Stars: Eli Marienthal, Jennifer Aniston, Harry Connick Jr, Christopher MacDonald, John Mahoney, Vin Diesel
On Saturday past I watched The Iron Giant with my parents. I really quite enjoyed it. It looked really lovely and the seamless blending of traditional animation with what I would call cell-shaded 3D provided a luscious and affecting visual spectacle. 1950s America is faithfully recreated in animated form and there’s a little bit near the start where Hogarth sits up to watch a B-movie horror and the main character from it sounds like Rod Sterling. The little snippet of the film we see is brilliantly funny, although my mum and dad didn’t really get the joke. The rest of the film also has a great sense of humour, ranging from little nods and observational comedy, to very enjoyable physical humour and a delight in Hogarth’s flights of fancy. The relationship between Hogarth and the eponymous metal man is touching and speaks to our own memories of childhood, of that trusting nature, as well as simply wanting a giant robot friend. The character of the robot as friendly, bumbling and childlike is brought to life brilliantly by the animation and sound design, and the design of the robot itself is wonderful. The voice cast is also excellent, with Jennifer Aniston performing particularly well, given her limited experience with voice acting.
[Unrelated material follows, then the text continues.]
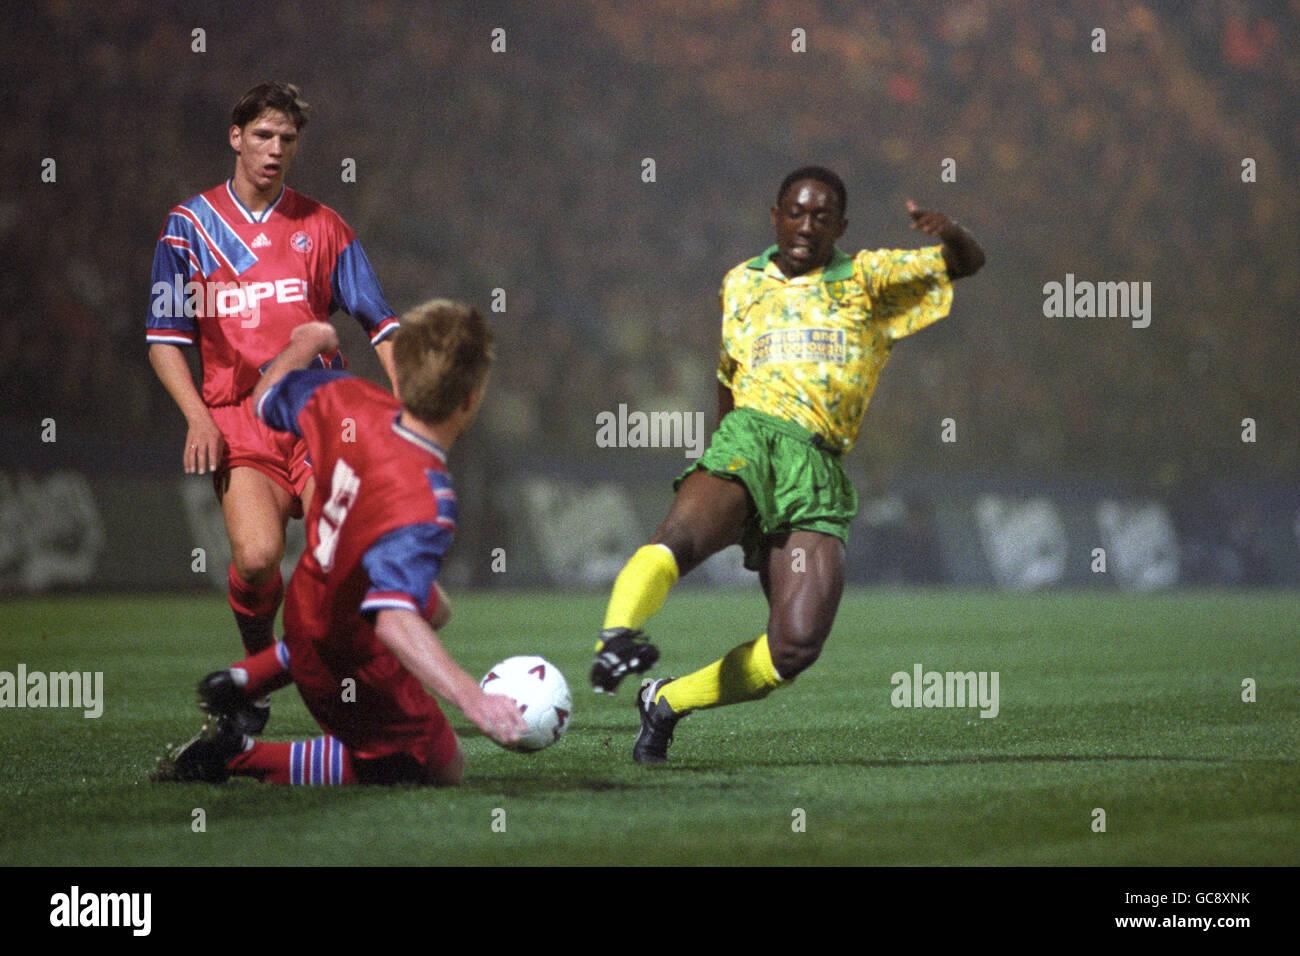 Thomas Helmer Bayern Munich And Ruel Fox Norwich City

There’s a lot more going on than a simple boy and his robot story. There’s a lot of commentary about social perception with the inclusion of a “beatnik” character who’s an artist and a good-guy and a wonderfully slimy government agent, who personifies the hawkish nature of many people during the cold war, albeit in fevered monologues, but it all works within the confines of the film. The ultimate nature of the robot is a keen representation of the principle of mutually assured destruction and more subtly the rage and power bubbling beneath the surface of any child. I thought the social and warfare commentary worked very well and was clear and easily understood, as were the issues of accepting an alien creature and the mistrust of the unknown. The only part I didn’t think was handled well was when Hogarth and the Giant talk about death and souls. It felt a little “crowbared” in to me and slightly awkward.
I enjoyed the film a lot and am sorry that it’s been so long since I read the Ted Hughes book that I can’t compare the two. Funny, pretty and powerful, I give The Iron Giant a strong recommendation.